Top of PROVIDED MATERIAL

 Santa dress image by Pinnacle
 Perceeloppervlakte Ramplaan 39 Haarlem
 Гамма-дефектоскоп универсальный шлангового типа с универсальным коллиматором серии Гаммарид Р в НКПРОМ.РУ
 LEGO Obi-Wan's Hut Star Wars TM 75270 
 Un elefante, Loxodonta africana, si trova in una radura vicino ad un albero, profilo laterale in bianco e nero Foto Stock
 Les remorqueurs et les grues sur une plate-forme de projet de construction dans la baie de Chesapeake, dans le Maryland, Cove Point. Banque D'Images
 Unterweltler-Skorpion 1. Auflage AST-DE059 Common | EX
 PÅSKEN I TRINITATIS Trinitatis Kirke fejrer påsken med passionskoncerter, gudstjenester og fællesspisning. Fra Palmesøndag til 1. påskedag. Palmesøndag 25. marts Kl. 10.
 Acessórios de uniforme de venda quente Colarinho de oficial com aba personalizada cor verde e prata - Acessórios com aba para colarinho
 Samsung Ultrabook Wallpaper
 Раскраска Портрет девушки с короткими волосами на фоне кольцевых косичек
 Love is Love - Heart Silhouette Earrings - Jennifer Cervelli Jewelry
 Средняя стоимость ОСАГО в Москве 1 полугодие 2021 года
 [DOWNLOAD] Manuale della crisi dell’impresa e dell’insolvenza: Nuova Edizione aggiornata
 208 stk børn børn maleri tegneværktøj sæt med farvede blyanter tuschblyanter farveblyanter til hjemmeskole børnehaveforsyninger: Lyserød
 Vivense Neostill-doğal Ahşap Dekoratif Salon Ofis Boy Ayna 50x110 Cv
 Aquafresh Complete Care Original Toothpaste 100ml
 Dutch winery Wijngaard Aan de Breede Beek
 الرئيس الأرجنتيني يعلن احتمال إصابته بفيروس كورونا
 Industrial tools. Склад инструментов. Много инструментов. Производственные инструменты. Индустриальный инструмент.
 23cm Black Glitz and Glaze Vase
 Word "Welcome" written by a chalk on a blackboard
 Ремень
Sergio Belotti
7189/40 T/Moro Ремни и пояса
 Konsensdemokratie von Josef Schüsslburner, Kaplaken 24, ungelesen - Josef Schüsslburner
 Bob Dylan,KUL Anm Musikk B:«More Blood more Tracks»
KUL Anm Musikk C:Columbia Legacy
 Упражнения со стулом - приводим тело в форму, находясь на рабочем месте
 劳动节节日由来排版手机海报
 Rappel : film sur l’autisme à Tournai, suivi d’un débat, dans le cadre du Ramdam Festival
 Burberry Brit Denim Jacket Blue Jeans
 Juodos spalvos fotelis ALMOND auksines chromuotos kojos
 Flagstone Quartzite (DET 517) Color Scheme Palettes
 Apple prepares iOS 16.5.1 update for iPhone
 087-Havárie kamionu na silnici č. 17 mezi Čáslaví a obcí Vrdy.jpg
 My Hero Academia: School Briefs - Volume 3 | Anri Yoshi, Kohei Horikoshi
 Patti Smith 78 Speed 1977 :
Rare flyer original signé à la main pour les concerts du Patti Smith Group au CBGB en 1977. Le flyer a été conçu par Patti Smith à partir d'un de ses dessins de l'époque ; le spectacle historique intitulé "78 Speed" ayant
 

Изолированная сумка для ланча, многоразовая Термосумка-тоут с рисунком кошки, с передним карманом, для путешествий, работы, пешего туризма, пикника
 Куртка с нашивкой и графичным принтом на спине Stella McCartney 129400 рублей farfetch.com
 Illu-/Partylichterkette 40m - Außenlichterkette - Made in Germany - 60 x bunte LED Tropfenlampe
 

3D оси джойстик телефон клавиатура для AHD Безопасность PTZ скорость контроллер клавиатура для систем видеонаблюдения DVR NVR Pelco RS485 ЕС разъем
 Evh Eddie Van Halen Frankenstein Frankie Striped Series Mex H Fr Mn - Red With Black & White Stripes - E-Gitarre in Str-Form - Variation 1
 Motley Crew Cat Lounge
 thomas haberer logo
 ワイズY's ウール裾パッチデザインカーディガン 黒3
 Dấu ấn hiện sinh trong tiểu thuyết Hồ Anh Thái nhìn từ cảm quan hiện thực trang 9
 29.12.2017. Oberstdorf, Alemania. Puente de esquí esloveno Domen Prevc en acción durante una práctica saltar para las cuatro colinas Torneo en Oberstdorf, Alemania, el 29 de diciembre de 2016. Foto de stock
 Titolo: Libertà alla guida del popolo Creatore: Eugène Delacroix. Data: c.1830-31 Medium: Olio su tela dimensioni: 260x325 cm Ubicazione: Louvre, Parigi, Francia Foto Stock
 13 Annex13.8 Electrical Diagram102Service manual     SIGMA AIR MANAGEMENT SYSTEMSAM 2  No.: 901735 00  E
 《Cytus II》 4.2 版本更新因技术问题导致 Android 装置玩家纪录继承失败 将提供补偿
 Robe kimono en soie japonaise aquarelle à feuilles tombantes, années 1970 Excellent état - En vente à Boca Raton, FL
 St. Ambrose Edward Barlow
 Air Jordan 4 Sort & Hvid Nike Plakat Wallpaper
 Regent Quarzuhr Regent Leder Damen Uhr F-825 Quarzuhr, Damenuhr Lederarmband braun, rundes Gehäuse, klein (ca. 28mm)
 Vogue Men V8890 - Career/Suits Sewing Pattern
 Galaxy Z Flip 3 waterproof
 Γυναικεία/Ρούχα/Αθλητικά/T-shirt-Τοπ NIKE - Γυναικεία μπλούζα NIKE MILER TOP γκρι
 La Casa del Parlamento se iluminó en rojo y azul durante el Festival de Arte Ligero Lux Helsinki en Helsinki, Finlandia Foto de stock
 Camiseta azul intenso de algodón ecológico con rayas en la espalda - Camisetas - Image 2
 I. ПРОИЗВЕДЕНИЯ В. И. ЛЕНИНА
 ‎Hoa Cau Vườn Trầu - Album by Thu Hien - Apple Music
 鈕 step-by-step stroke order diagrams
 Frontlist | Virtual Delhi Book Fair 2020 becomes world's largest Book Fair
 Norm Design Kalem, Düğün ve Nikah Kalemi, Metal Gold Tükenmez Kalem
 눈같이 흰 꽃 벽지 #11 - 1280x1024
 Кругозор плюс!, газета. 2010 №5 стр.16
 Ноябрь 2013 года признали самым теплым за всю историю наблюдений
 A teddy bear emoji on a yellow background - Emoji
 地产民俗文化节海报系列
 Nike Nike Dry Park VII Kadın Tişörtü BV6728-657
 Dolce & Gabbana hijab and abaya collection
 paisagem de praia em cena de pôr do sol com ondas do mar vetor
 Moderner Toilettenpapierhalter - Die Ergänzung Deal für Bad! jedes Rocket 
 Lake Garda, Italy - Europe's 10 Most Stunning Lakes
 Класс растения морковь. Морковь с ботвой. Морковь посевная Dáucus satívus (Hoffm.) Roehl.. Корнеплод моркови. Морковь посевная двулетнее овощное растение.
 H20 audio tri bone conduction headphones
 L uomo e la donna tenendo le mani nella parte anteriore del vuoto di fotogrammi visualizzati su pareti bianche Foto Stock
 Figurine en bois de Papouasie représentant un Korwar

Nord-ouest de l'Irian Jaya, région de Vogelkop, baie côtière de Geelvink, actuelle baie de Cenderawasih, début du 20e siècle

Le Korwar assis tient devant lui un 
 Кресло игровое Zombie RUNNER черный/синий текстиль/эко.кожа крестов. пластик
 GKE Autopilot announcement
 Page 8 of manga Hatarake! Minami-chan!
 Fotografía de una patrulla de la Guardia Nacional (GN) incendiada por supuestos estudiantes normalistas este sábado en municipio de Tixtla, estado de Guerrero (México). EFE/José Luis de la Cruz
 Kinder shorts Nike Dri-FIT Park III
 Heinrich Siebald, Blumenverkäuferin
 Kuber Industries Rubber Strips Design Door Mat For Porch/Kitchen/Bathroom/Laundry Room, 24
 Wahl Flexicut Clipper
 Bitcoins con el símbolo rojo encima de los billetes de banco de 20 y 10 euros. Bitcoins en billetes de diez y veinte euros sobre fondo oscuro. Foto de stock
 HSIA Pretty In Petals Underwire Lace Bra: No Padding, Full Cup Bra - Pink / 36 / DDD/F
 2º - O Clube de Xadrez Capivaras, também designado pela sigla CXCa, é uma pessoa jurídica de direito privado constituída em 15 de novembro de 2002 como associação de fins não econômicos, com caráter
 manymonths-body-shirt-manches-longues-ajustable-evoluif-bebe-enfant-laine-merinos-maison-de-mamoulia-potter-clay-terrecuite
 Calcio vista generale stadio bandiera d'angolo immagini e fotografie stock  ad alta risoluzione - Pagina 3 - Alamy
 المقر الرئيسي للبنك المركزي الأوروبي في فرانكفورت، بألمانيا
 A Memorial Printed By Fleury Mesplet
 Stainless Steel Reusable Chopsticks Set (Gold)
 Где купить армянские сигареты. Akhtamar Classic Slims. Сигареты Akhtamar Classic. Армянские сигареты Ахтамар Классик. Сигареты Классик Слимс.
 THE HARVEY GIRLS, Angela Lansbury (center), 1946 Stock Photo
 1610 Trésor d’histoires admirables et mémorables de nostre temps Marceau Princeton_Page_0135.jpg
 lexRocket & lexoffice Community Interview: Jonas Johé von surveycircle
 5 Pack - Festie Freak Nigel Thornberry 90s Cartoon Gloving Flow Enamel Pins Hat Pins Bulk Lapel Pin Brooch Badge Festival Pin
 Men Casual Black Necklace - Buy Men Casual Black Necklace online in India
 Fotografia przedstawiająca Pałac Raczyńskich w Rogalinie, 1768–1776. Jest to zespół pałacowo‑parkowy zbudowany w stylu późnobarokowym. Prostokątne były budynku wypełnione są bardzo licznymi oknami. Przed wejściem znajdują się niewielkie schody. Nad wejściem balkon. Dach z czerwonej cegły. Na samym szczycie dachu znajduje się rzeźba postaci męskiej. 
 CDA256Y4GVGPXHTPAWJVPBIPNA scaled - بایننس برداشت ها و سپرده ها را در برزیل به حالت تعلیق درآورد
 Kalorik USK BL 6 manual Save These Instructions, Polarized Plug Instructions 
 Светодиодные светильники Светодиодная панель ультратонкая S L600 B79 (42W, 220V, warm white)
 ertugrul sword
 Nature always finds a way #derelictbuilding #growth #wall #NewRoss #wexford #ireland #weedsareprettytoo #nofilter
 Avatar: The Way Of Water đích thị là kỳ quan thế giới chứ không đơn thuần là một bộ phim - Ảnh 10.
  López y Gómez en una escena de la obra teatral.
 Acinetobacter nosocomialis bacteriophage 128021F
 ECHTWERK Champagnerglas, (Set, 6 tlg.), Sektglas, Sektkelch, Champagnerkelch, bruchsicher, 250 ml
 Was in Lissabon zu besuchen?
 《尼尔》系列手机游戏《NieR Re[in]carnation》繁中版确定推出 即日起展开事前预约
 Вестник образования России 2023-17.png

Bottom of PROVIDED MATERIAL

EXERCISE REQUIREMENTS: Going down the listing above, begin printing at the line with "THE HARVEY GIRLS, Angela" and finish with the line with "lexRocket & lexoffice", exactly as they appear.

WRITTEN RESPONSE:
 THE HARVEY GIRLS, Angela Lansbury (center), 1946 Stock Photo
 1610 Trésor d’histoires admirables et mémorables de nostre temps Marceau Princeton_Page_0135.jpg
 lexRocket & lexoffice Community Interview: Jonas Johé von surveycircle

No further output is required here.